Diary of a Wimpy Kid: Rodrick Rules is a 2011 American comedy film directed by David Bowers in his live-action directorial debut and based on Jeff Kinney's 2008 book of the same name. It stars Zachary Gordon and Devon Bostick. Robert Capron, Rachael Harris, Steve Zahn, and Peyton List also have prominent roles.

The film was released on March 25, 2011, by 20th Century Fox. It earned $72.4 million on a budget of $18–21 million. It is the second installment in the Diary of a Wimpy Kid film series, preceded by 2010's Diary of a Wimpy Kid. A sequel followed in 2012, Diary of a Wimpy Kid: Dog Days.

Plot

The Heffley family attends a back-to-school roller skating party, where Greg, now about to start seventh grade, meets a new girl named Holly Hills, whom he instantly develops a crush on.

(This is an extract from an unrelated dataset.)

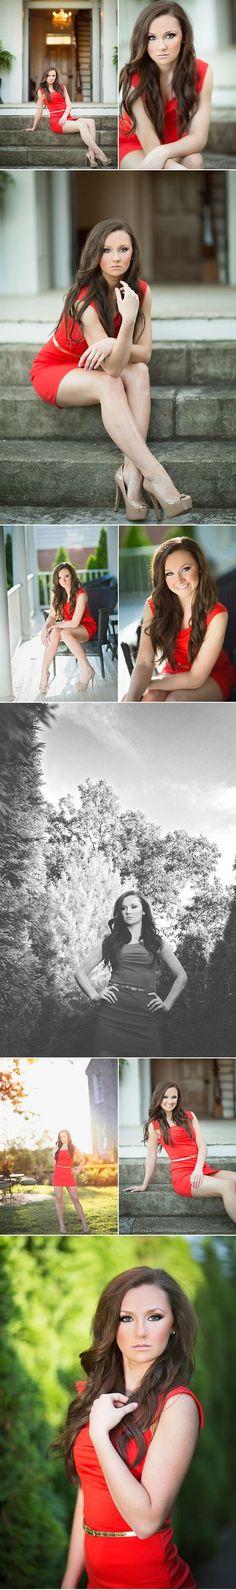 Eva | d-Squared Designs St. Genevieve | Missouri Senior Photography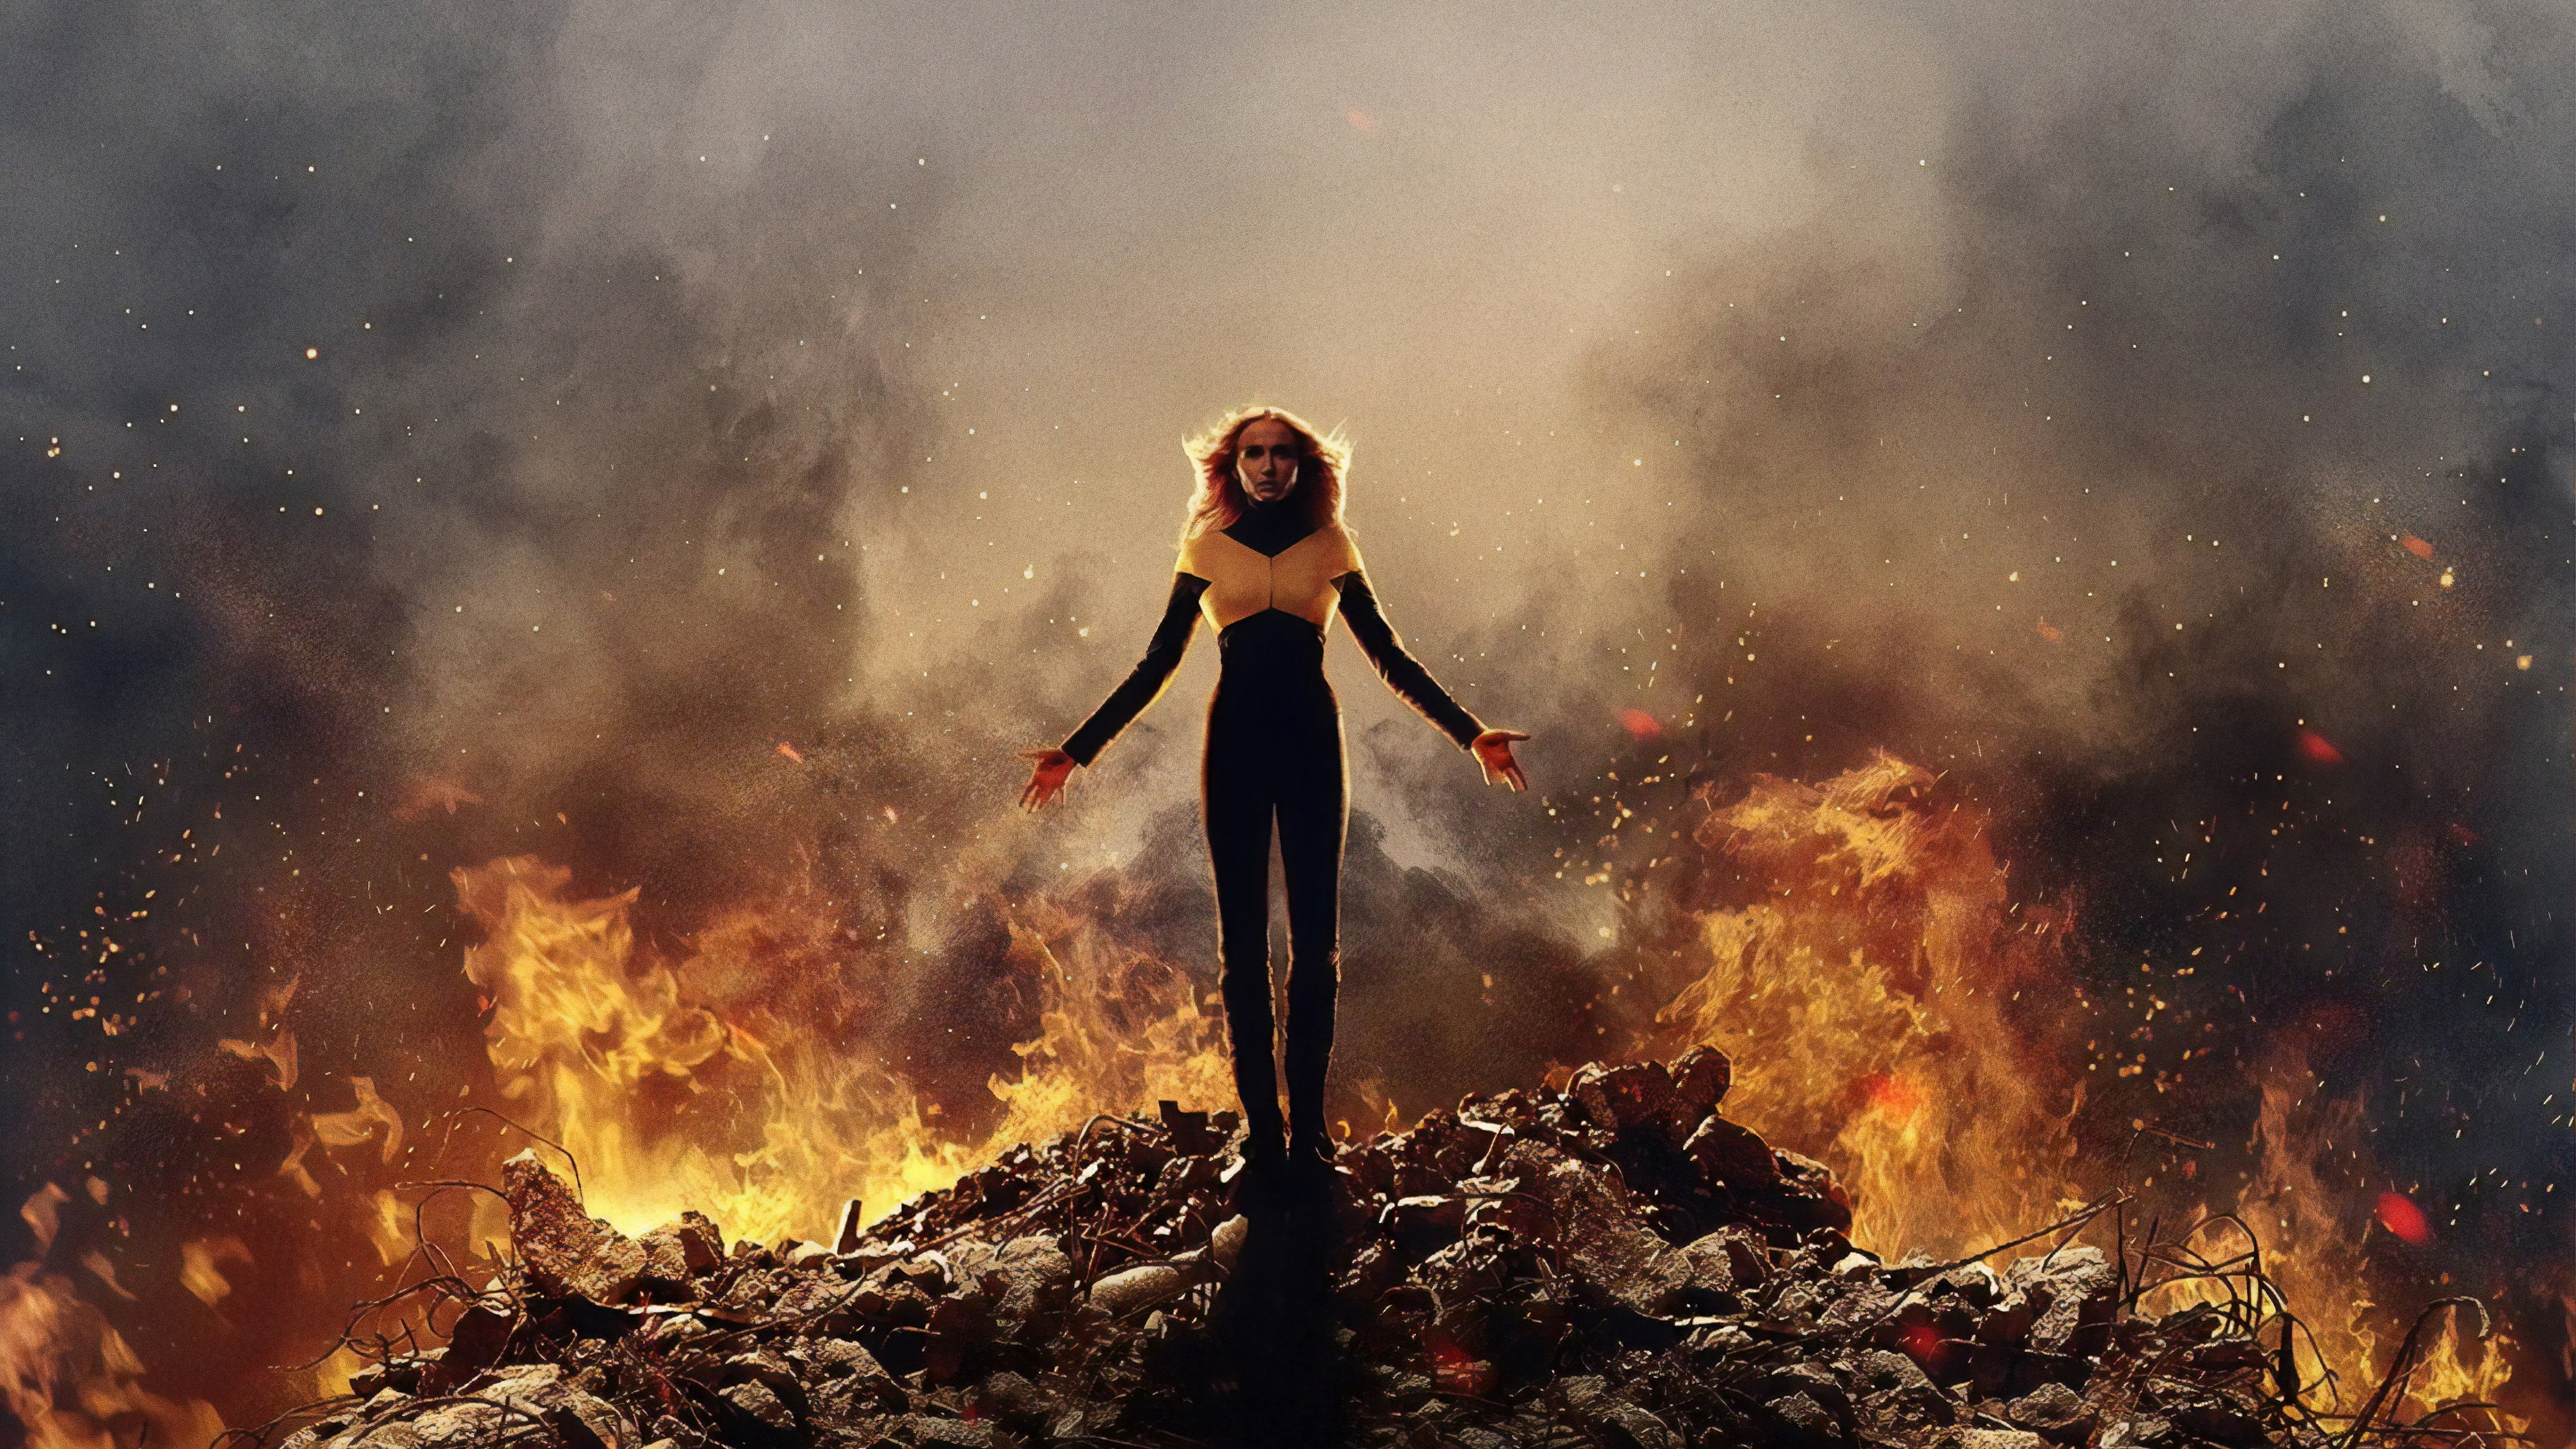 x men dark phoenix 4k 2019 1560535019 - X Men Dark Phoenix 4k 2019 - x men dark phoenix wallpapers, sophie turner wallpapers, movies wallpapers, hd-wallpapers, dark phoenix wallpapers, 4k-wallpapers, 2019 movies wallpapers

The next day, a local talent show is advertised on TV, and Rodrick sees it as his band's big break. Susan, who writes a parenting column in the local paper, wants to get Greg and Rodrick to spend more time together and incentivizes them with money. However, at church the following Sunday, Rodrick stains Greg's pants with chocolate, humiliating Greg and causing a public scuffle between the two, ruining Susan’s reputation, and getting Greg and Rodrick banned from the family’s trip to a water park. Susan, Frank and Manny leave the two brothers home for the weekend to work on their differences, and are instructed not to invite anyone over. Ignoring this, Rodrick throws a wild party which Greg and Rowley end up participating in. The next morning, they receive a voicemail from their parents, informing them that they will be returning early from their trip, due to Manny being ill, prompting the brothers to hastily clean up the house. They find that someone wrote on the bathroom door in permanent marker. Greg gets the idea to replace it with the door to the basement, though after their family gets home, they realize that the replacement door does not have a lock.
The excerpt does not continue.